终端和过载约束下的双圆弧制导律

为满足导弹打击目标的落角、时间与过载约束,设计了一种双圆弧轨迹和相应制导律。在初始速度方向角和终端落角的约束下,利用双圆弧的相切关系推导了双圆弧轨迹的解析形式及其可行解集。根据双圆弧轨迹结果由切点决定的特征,推导得出使轨迹满足过载约束、终端约束或能量最优的切点选择方法。之后利用圆弧几何特性和弹目相对运动关系,设计了不依赖弹目距离信息的双圆弧制导律。数值仿真结果表明,双圆弧制导律能够满足复杂约束,且与最优制导律相比,可获得能量最优性相当的结果。

Biarc guidance law with terminal and dynamics constraints

A biarc trajectory and its guidance law are proposed to satisfy the constraints of impact angle, impact time and missile dynamics in missile target engagement. Under the constraints of the initial and terminal flight path angles, the analytical solution and the feasible solution set of biarc trajectories are deduced by using the tangent relationship between two arcs. Based on the relationship between biarc trajectory and its tangent point, the biarc trajectories which satisfy the dynamics constraint, impact time constraint or energy optimality are generated.
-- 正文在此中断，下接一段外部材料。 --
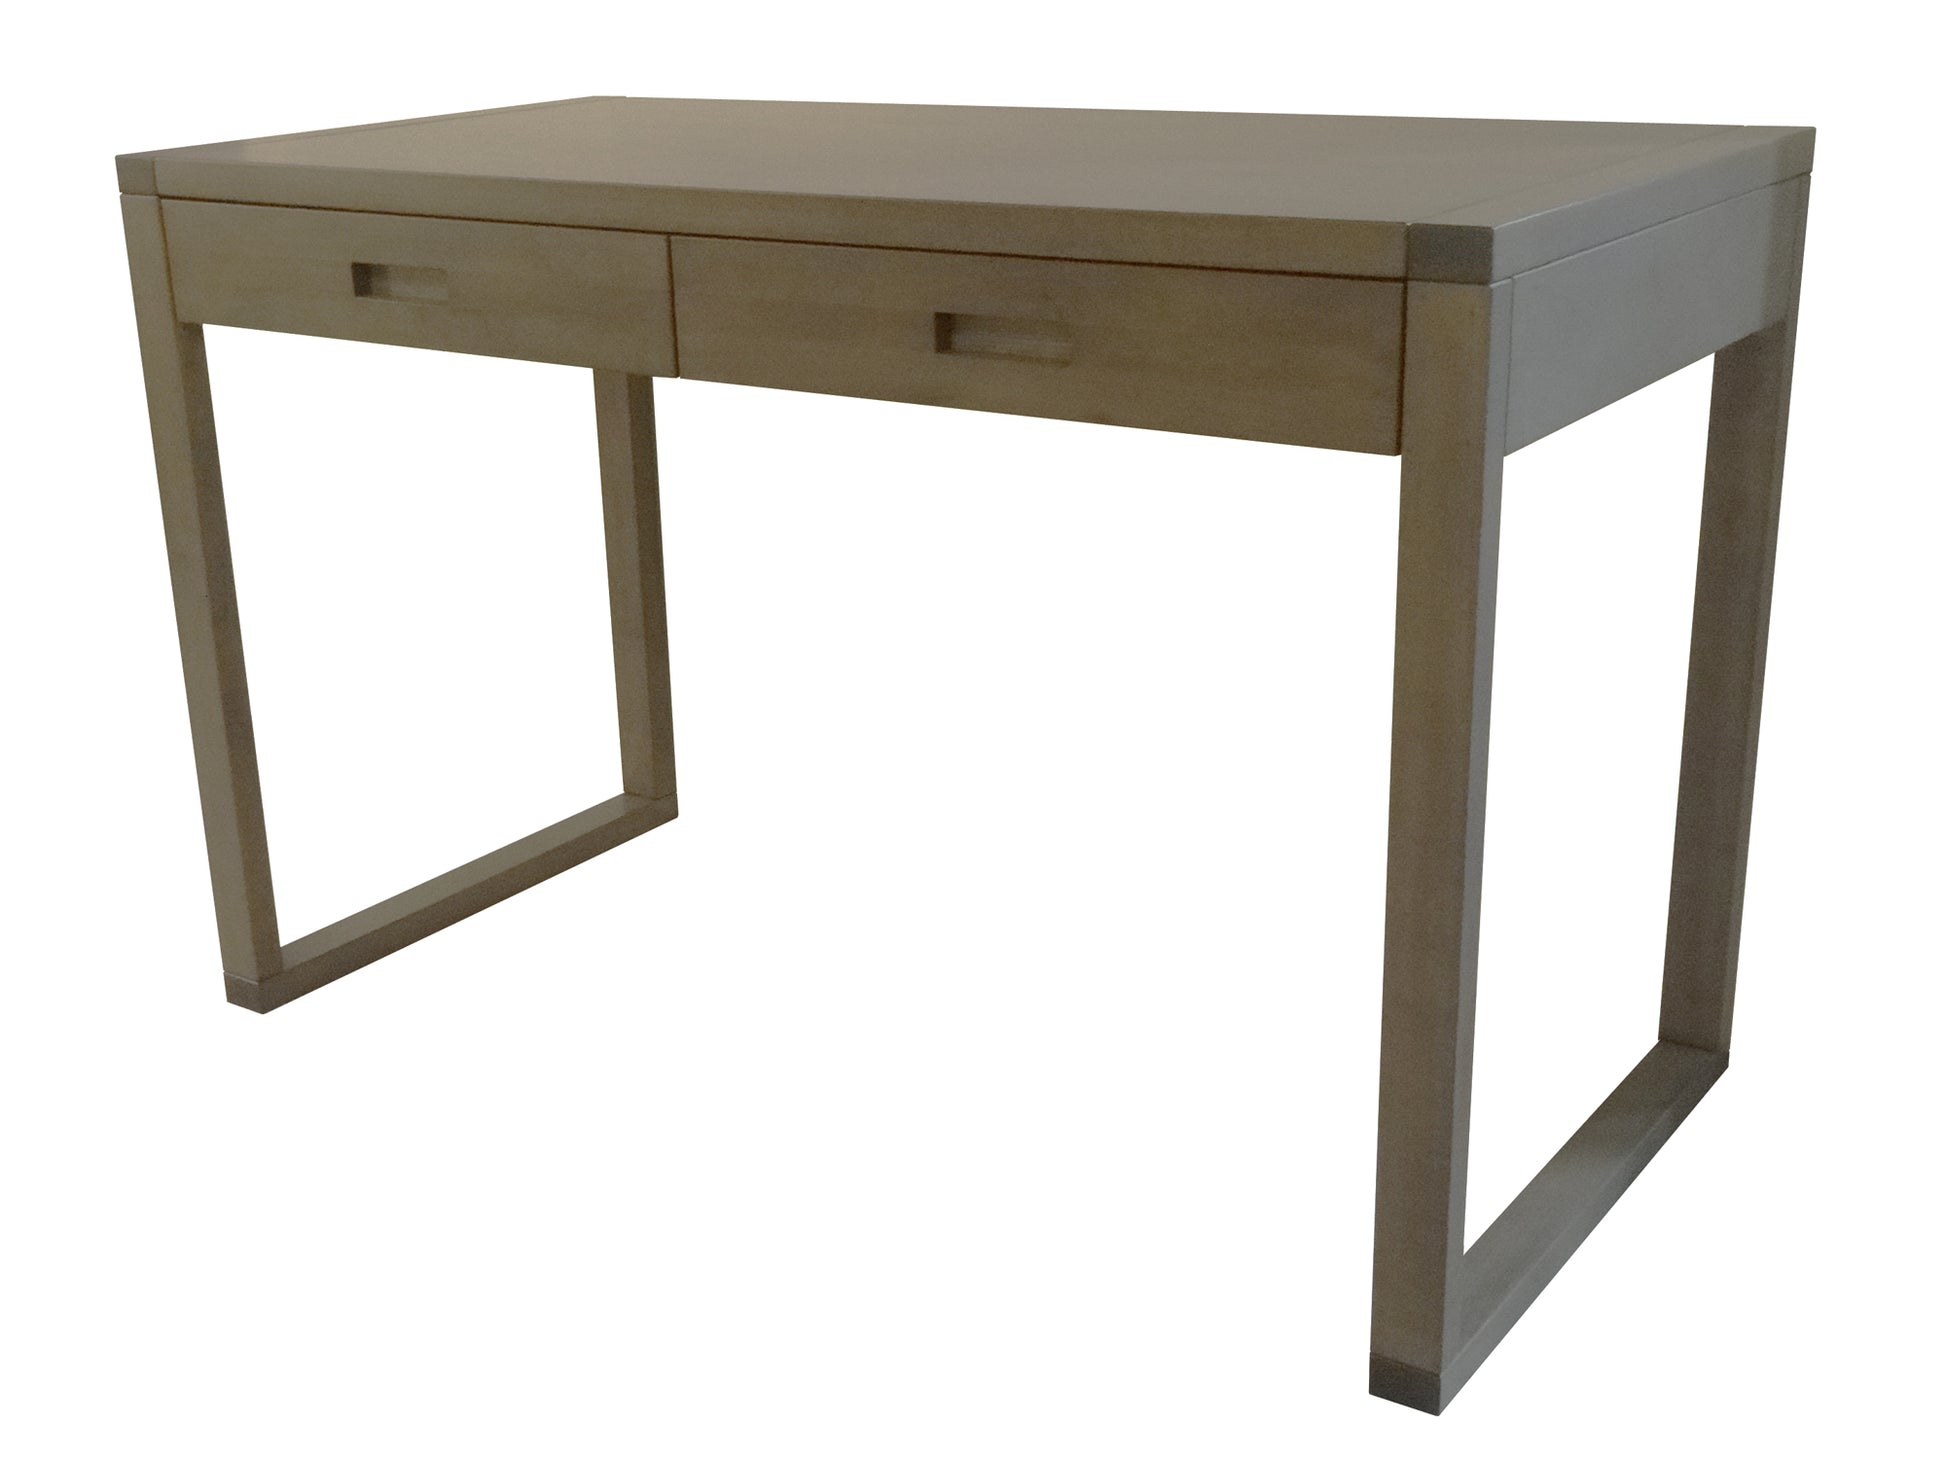 Tangent Writing Desk, built in solid wood, locally built, and part of our in-house design furniture collections.

Then the biarc guidance law, which does not need range to go information, is designed based on the circular geometry and missile target geometry. Simulation results demonstrate the proposed guidance law can satisfy complex guidance constraints, and it can provide comparable results to the optimal guidance law in terms of energy optimality.